Sinister Settings: Tambora
Posted by kristipetersenschoonover
We’ve all heard of massive volcanic eruptions in the past killing thousands of people and laying waste to cities and entire landscapes. Before Santa Maria, before Mt Pelee, and even before Krakatoa, there was Tambora.
Tambora is an active volcano on the island of Sumbawa in Indonesia. On April 10, 1815, it blew its stack in what is still considered to be the largest volcanic eruption in the past 10,000 years. The blast was heard hundreds of miles away; the ash cloud covered an area nearly twice the size of the continental U.S.; entire villages were destroyed by hellfire and scientists are certain that at least one entire ethnic group was wiped off the face of the earth. The event and its aftermath killed an estimated 100,000 locals.

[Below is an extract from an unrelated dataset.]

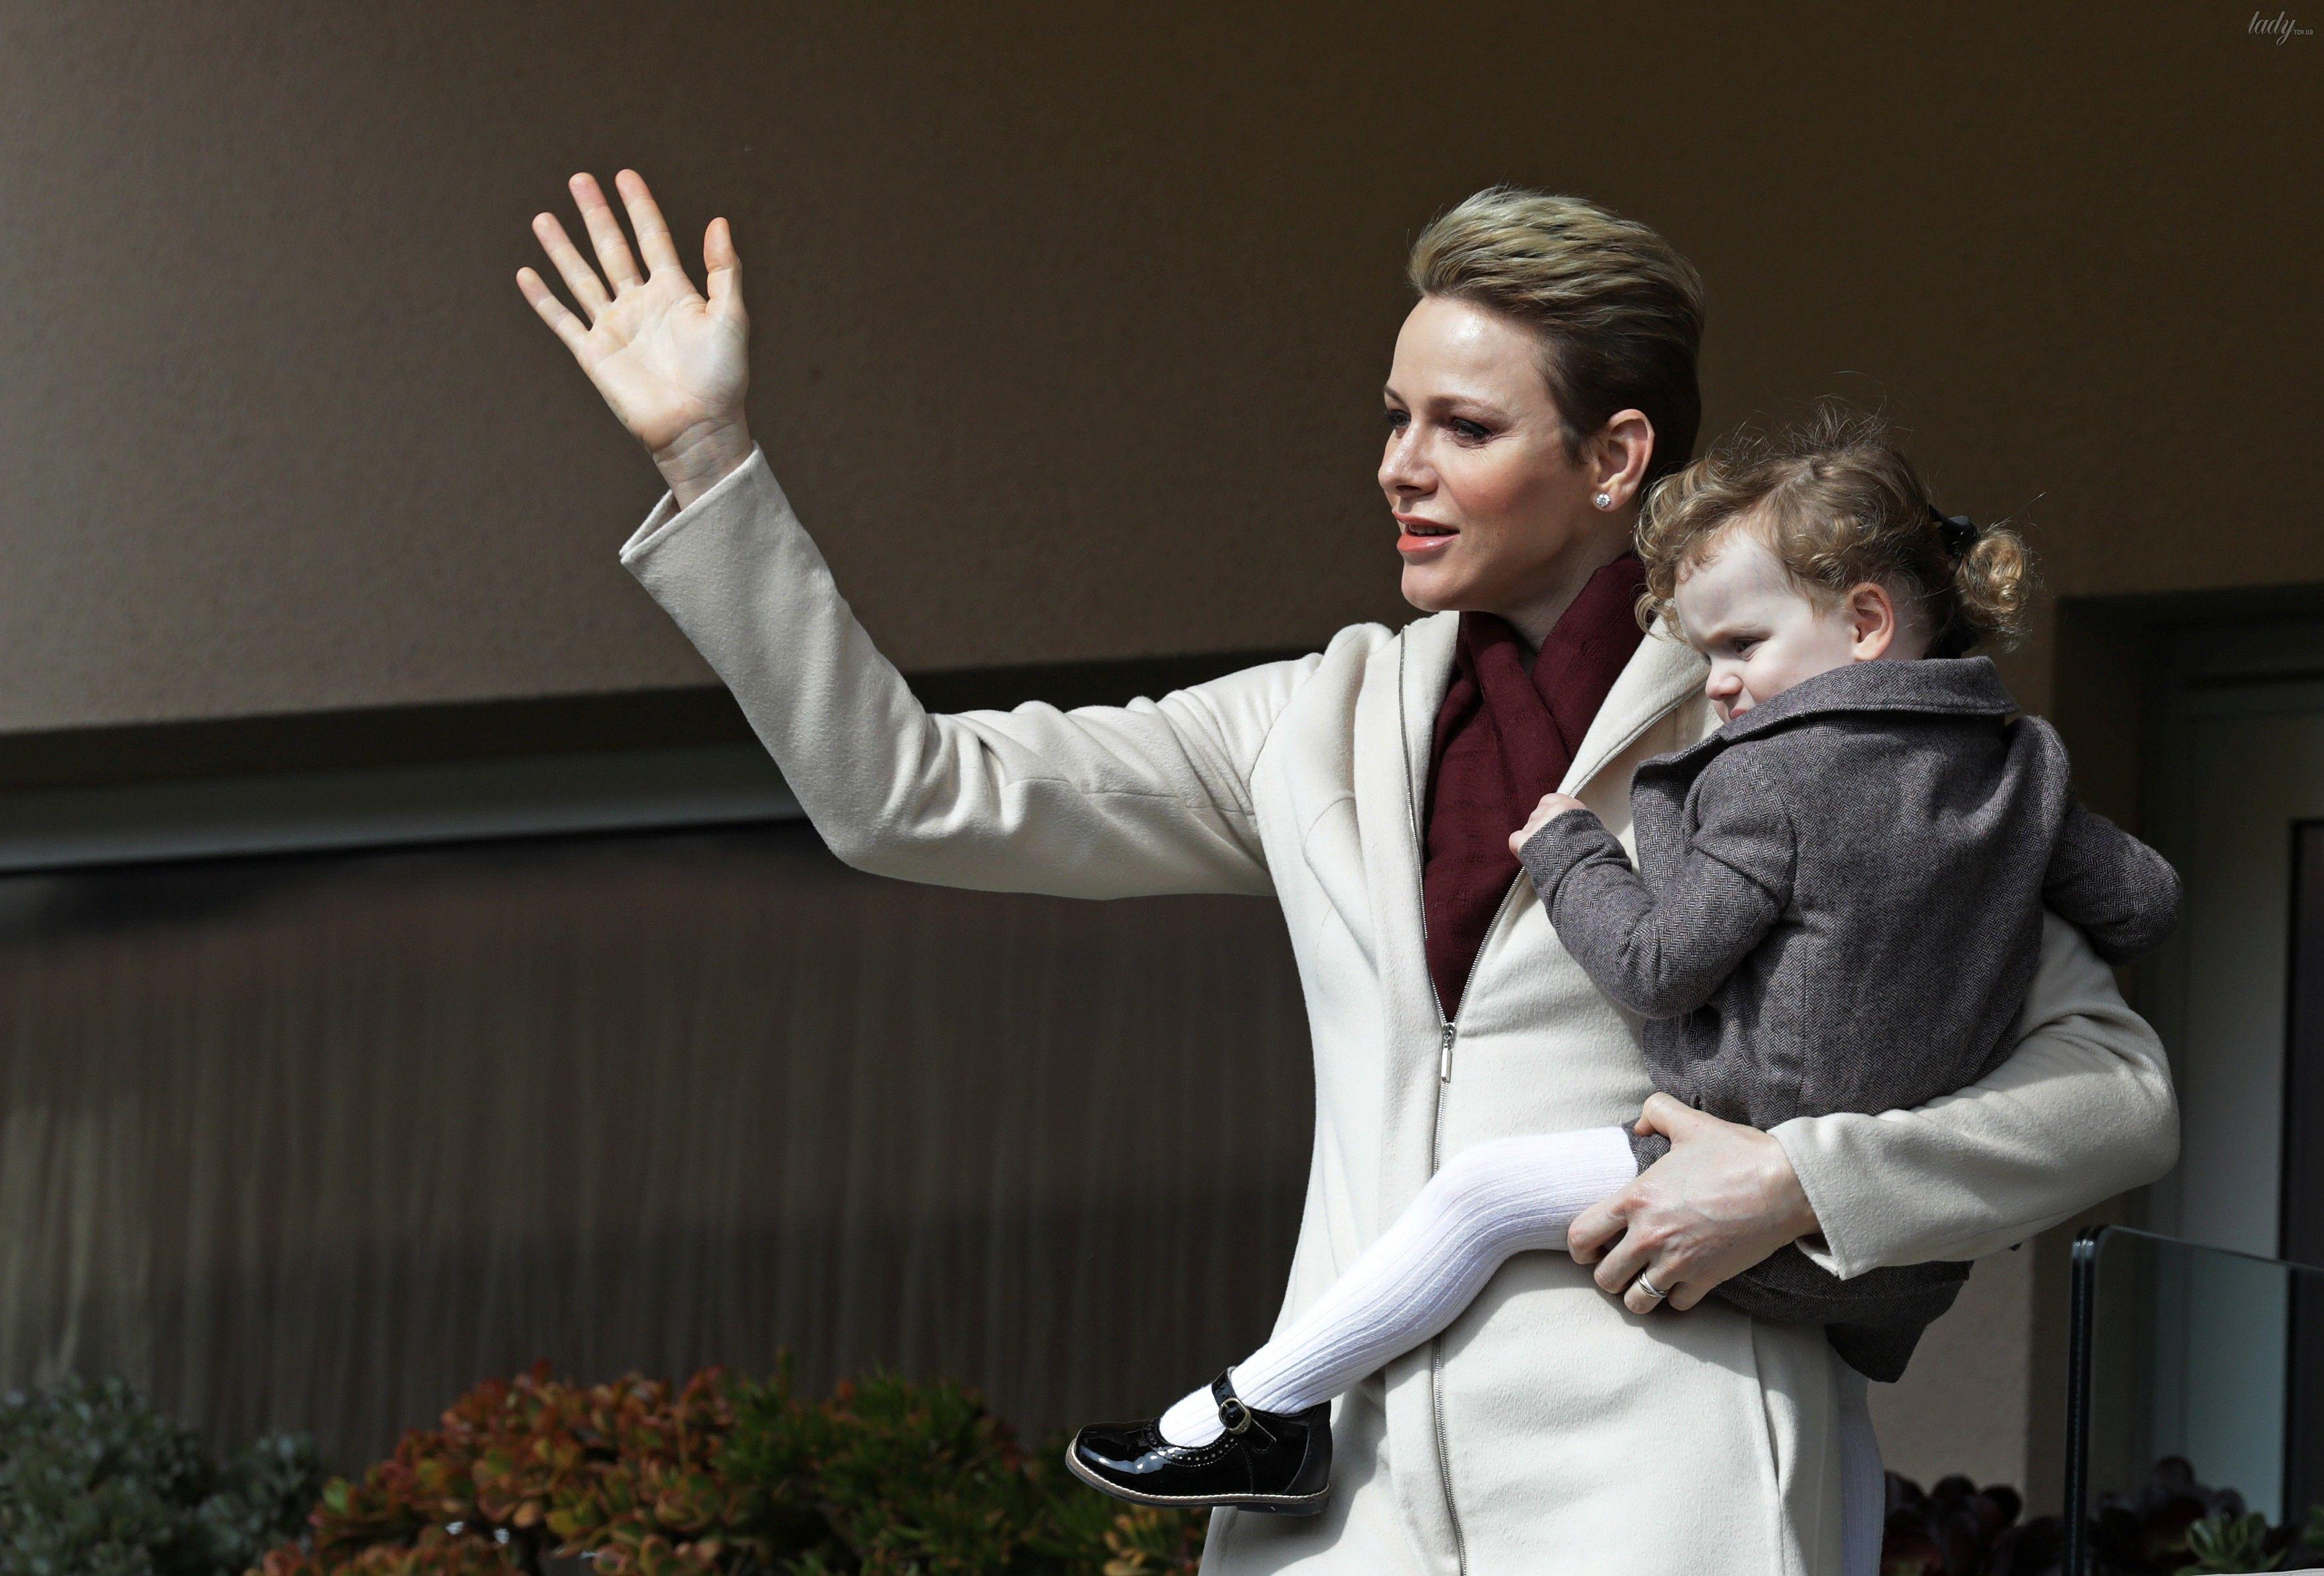 Княгиня Шарлин и князь Альбер_8

So intense is all of this that Tambora is at the core of my story “Immolation,” which is the first piece in my collection The Shadows Behind, coming April 30 (that’s Tuesday!) from Books and Boos Press.

Krakatoa’s devastating eruption in 1883 (pictured here in this 1888 lithograph) had nothing on its predecessor, Tambora.
I first learned of the Tambora eruption when I was doing research for a panel on Frankenstein in which I was participating at RoCon 2 in 2016. It was the 200th anniversary of the writing of Mary Shelley’s masterpiece, and many attribute its inspiration to 1816’s the “Year Without a Summer”: Tambora’s eruption changed the world’s weather, plunging much of the world into freezing temperatures. Crops died. People starved. Shelley spent her annual Lake Geneva vacation snowed in, and her monster is rendered in eerie shades of the sick and starving that wandered Europe.

Left to right, Keith R.A. DeCandido, Mario Di Giacomo, and me on the “Lake Geneva, 200 Years Later” panel at RoCon 2 in Mystic, CT, July, 2016.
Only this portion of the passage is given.